Heritage BIM – the importance of a BIM-ready survey

Over the last three years, we’ve been lucky enough to be involved in a number of high-profile heritage projects, ranging from a dilapidated 17th century barn through to the major refurbishment of the former War Office in central London (see Latest News).  And with all of these buildings we have had to overcome various problems – and discovered more than a few surprises along the way.

Although BIM on heritage projects is still relatively new, and take up has been more gradual than on new-builds, it is slowly but surely beginning to gather pace.

The industry has already seen the benefits of 3D laser scanning: rapid, accurate at height or in low level light, and much less invasive.  Surveys can also be carried out safely in difficult conditions or on dangerous sites, such as unstable or fire-damaged structures.

But heritage BIM is a specialist field with many challenges.  To start with, interpreting the results of such surveys requires high levels of skill and expertise on the part of the modellers.  On older buildings, floors and walls may be uneven, and there can be an array of decorative detailing, both on the interior and exterior of the building.

The software used to produce the 3D models is not yet able to cope with such highly ornate details or misaligned walls, etc.  Constructing models to any level of detail takes time and precision.  Buildings which have had many uses over the years (dwellings, retail or offices) could be hiding any number of unknown features: areas blocked off for services, false walls, storage spaces hidden in ceiling voids …  we’ve dealt with all of these and more on heritage refurbishment projects!

For clients, too, there are many challenges with heritage BIM.  Large amounts of data are collected through the scanning process, and it’s easy for clients unfamiliar with BIM to err on the side of caution and “over-specify”.  However, too much information is as much of a problem as too little.

At Digital Inc. we pride ourselves on working with our clients, helping them to understand the process, and the deliverables.  This means assisting in developing a clear scope of work, clarifying exactly the data they need, and showing them how to make the best possible use of all the information gathered.  We know from experience that clients who take the time to fully understand BIM are far more likely to realise its full potential, and see a significant return on investment.

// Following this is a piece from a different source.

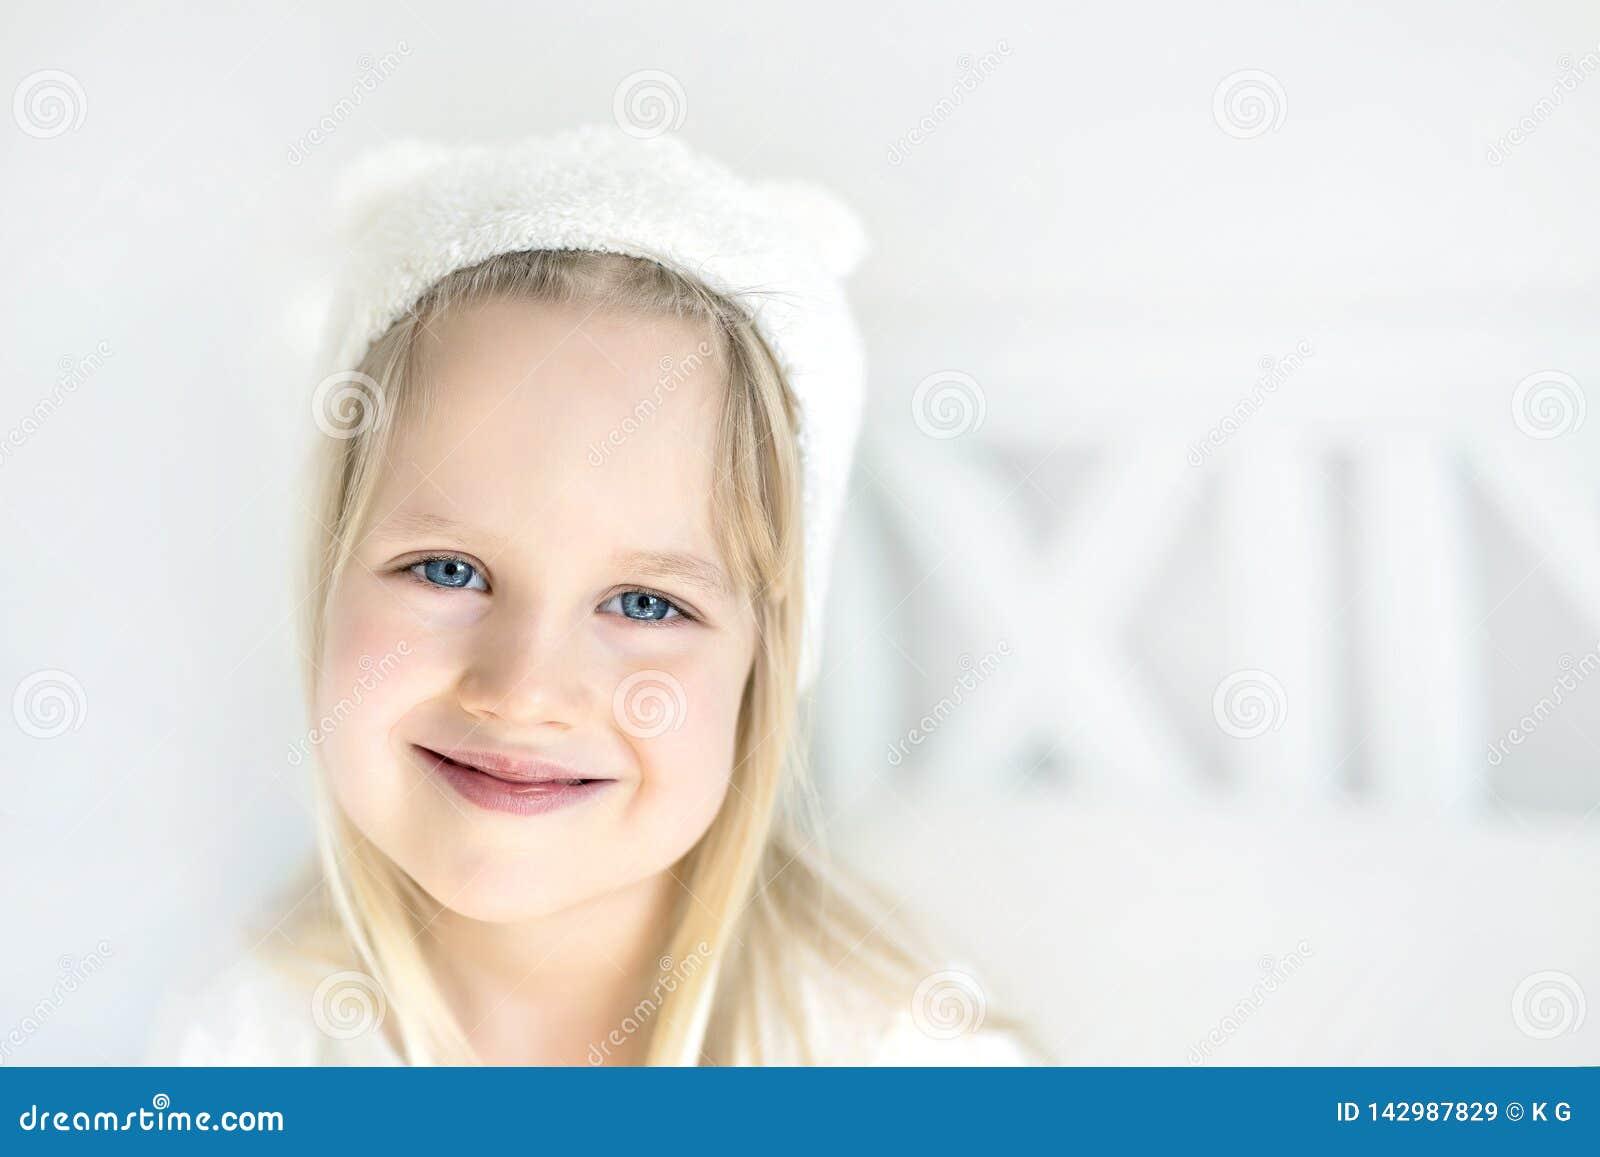 Portrait cute blond preschooler girl. Smilling kid in white hat. Child on bed in nursery room. Adorable baby wearing funny hat
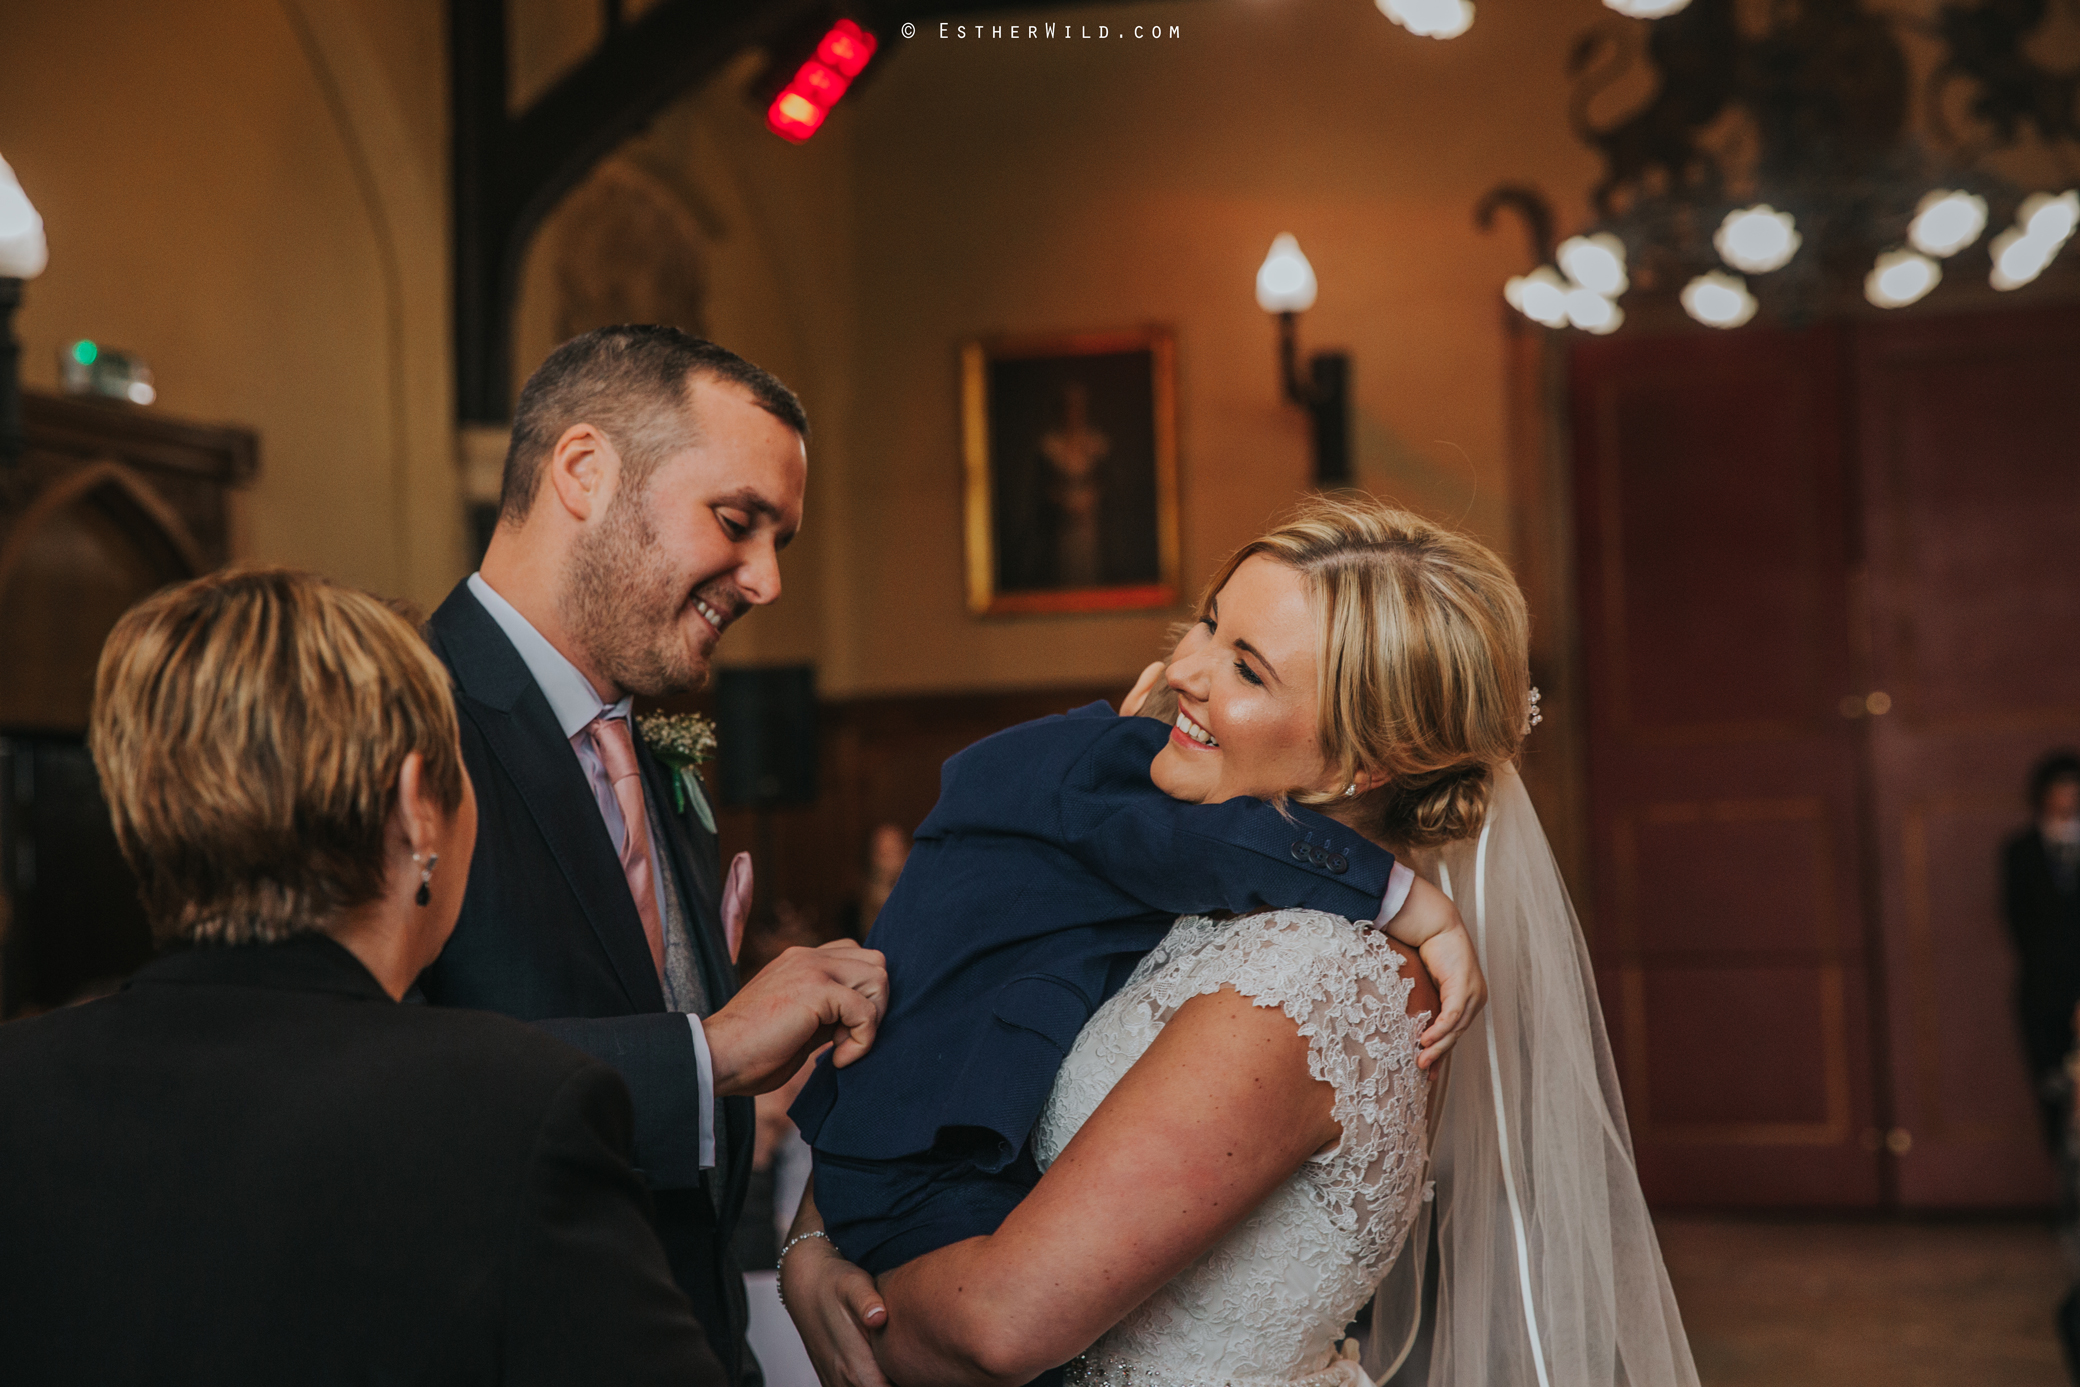 Wedding_Kings_Lynn_Town_Hall_Norfolk_Photographer_Esther_Wild_IMG_1062.jpg

Despite the initial slow take up, it won’t be long before the heritage industry sees the full potential of Building Information Modelling.  Historic England have recently published ‘BIM for Heritage: Developing a Historic Building Information Model’, which offers advice and guidance on best practice.  This publication outlines the benefits of BIM, and sets out what heritage professionals need to know, including the collaborative nature of BIM, and its use in maintenance, safety and security.  It also shows how  visitor management can benefit from the process, with a single BIM file representing an accurate 3D model of an entire building, how it can be updated and other information gradually added (e.g., when new archaeological data is gathered) to become a true record of the original site, complete with photos, drawings and reconstructions.